Besides getting his high school diploma, he was educated at the Roxy, the majestic midtown Manhattan movie palace and setting for vaudeville-style stage shows, where his father played trombone in the orchestra.
“He was not only a great musician, but he was a great arranger,” McCann said of his father, “and that’s where I think the show business bug bit me, sitting in the pit of the Roxy watching those comedians.”
His mother’s relatives wanted him to follow in the family tradition and become a firefighter, but an introduction to Paul Ashley, the puppeteer, led to a stint on the “Rootie Kazootie” television puppet show.
McCann later hosted Laurel and Hardy fill-ins during rain delays on New York Yankees broadcasts as well as another children’s show, “Let’s Have Fun,” on WPIX in New York.
During the 114-day New York City newspaper strike in 1962-63, he kept his young television viewers up to speed on the comic strips by playing the characters on camera, echoing a role Mayor Fiorello La Guardia played on radio during a newspaper strike in the 1940s.
“Mayor La Guardia did it many, many years before,” McCann said, “and I was the first one to do it on television.”
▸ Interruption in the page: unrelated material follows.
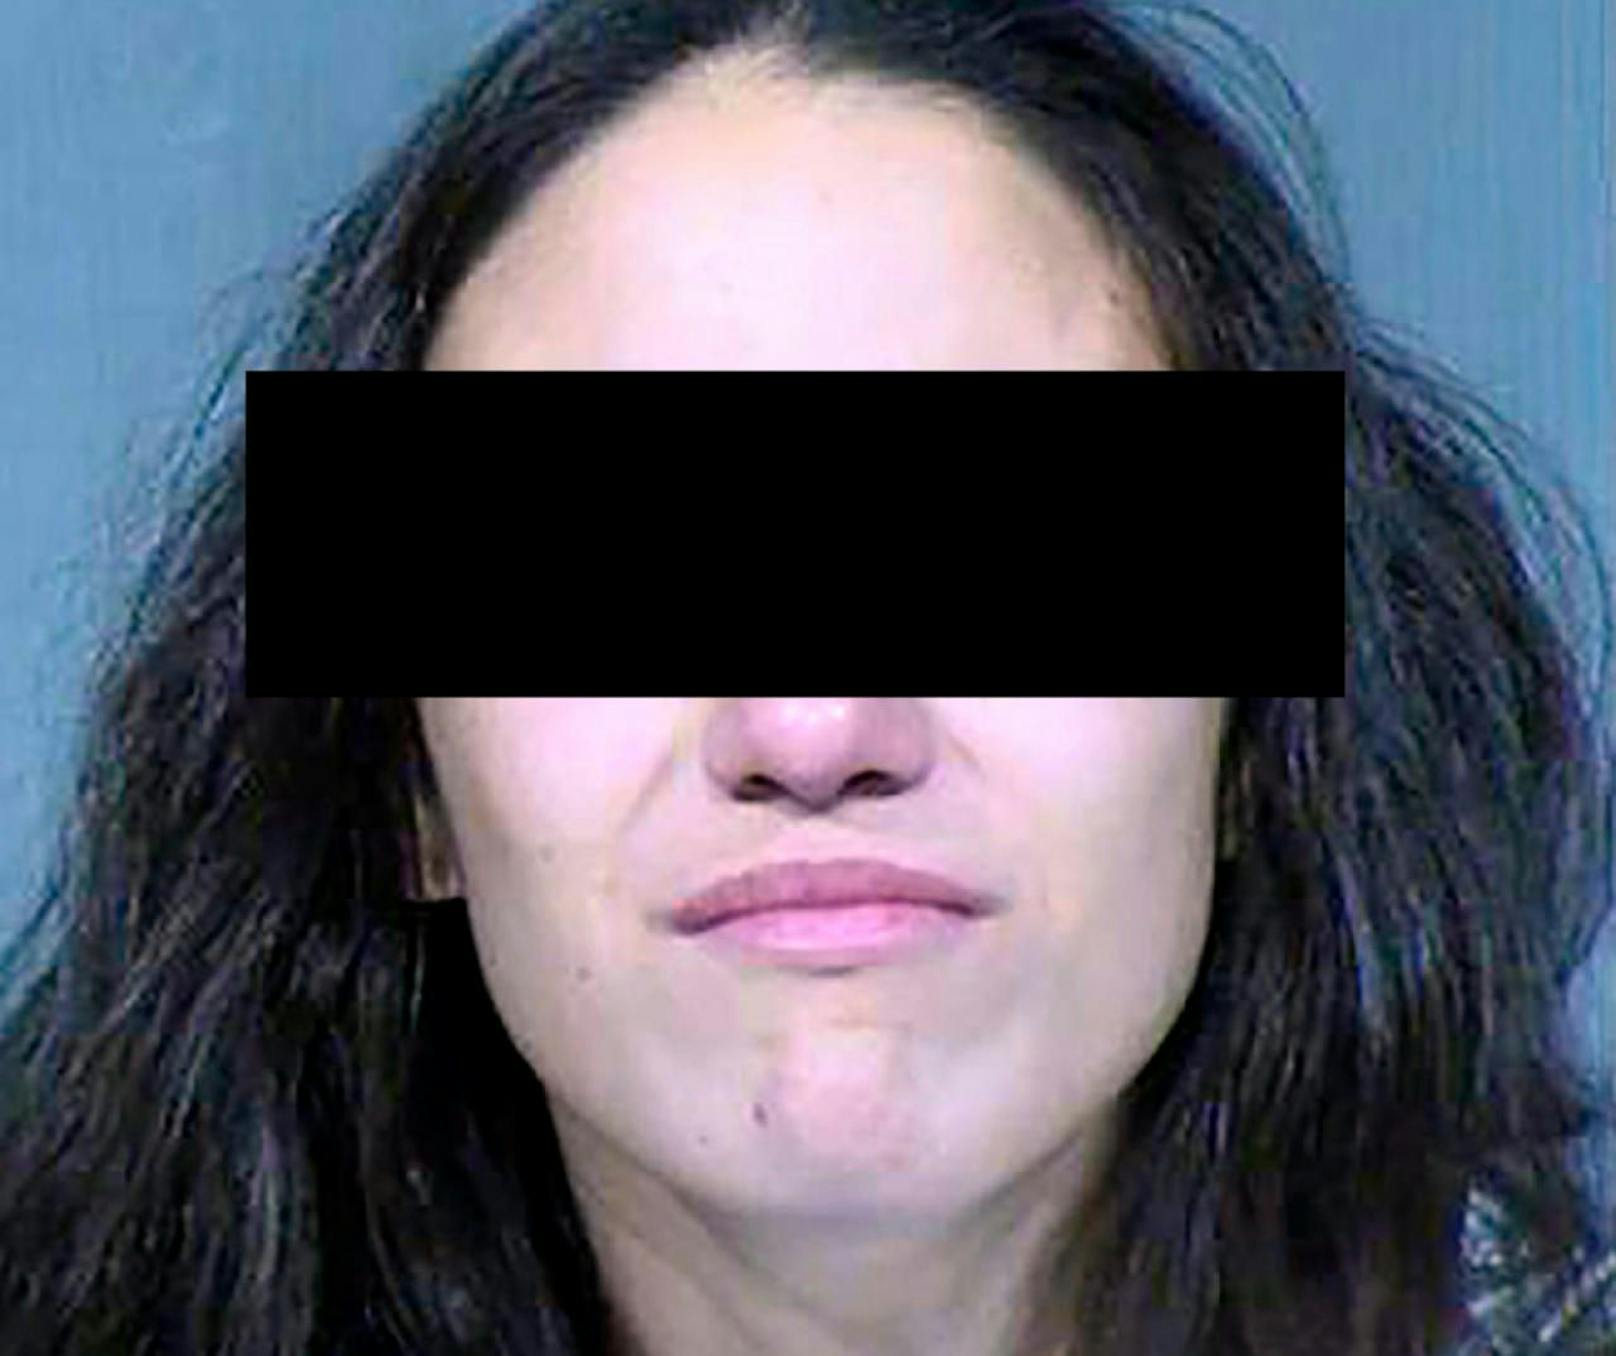 Rachel H. (22) wurde am 21. Januar 2020 in Phoenix, Arizona, verhaftet. Sie wird beschuldigt, ihre drei kleinen Kinder erstickt zu haben.
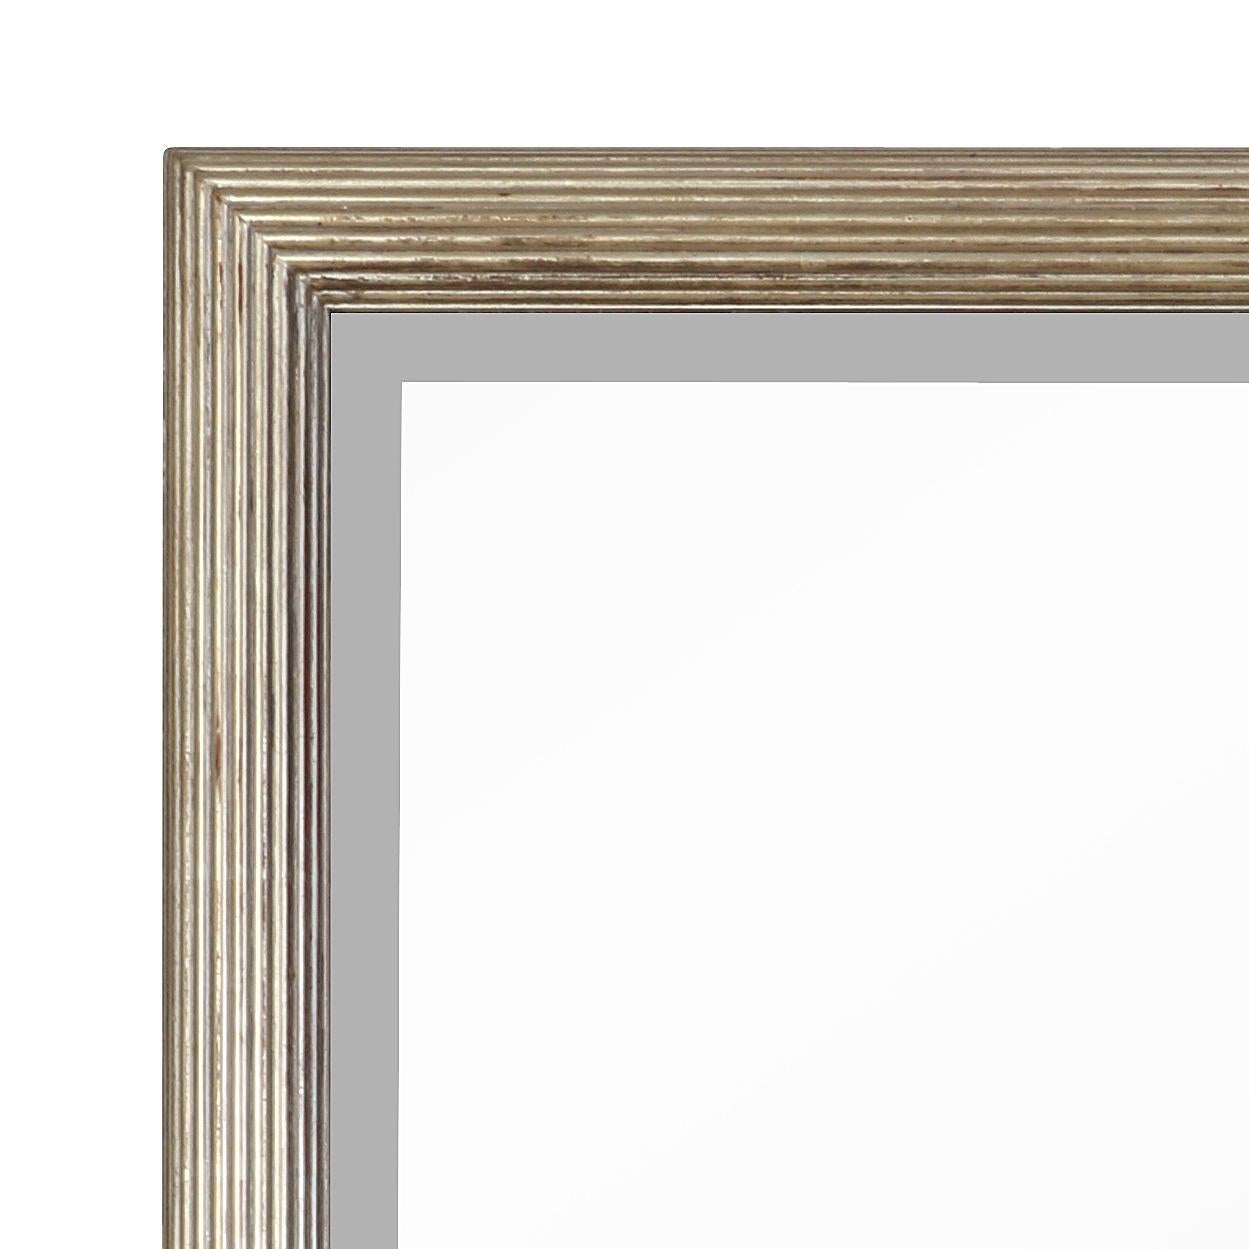 Miroir rectangulaire en feuille d'argent avec un cadre cannelé et nervuré.  Le beau miroir peut s'intégrer dans une variété de styles de pièces.

He also helped launch Becker’s Sunday morning show “Wonderama” on WNEW.
McCann’s local television finale in New York was “Chuck McCann’s Laurel & Hardy TV Show,” in 1966, which featured Hanna-Barbera cartoons of the titular comic duo and McCann’s Oliver Hardy impersonations.
In his movie debut, McCann played opposite Alan Arkin to critical acclaim as a mentally disabled deaf mute in the 1968 adaptation of Carson McCuller’s novel “The Heart Is a Lonely Hunter.”
He went on to play the lead role in “The Projectionist” (1971), as the lonely title character in a movie theater’s projection booth. The film gave him a vehicle with which to demonstrate his dexterity imitating movie stars. Rodney Dangerfield, in his movie debut, played his boss.
In addition to his daughter Siobhan, McCann is survived by another daughter, Jennifer Strasser, from an earlier marriage, which ended in divorce; his wife, the former Betty Fanning, who was an executive with the William Morris agency; three grandchildren; and a sister, Moe Sanders. A son, Sean, from a still earlier marriage, died in 2009.
McCann had two mantras: to have as much fun as possible and to keep working to survive, whether he was appearing at the Friends of Old Time Radio Convention in Newark, New Jersey, or as the exasperating neighbor bellowing “Hi, guy!” through a shared medicine chest in an early 1970s commercial for Right Guard deodorant.
In 1969, after he moved to California, he appeared in the cast of “Turn On,” George Schlatter’s aborted attempt to match his success in producing “Rowan & Martin’s Laugh-In.” “Turn On” lasted one episode.
“I did everything,” McCann told TVParty.com in a 2007 interview. “I never closed doors. If you look at my career — if I had one — I never think of it as a career, I just look at it as things I love to do. I have just as much fun doing a 30-second commercial as I do making a movie.”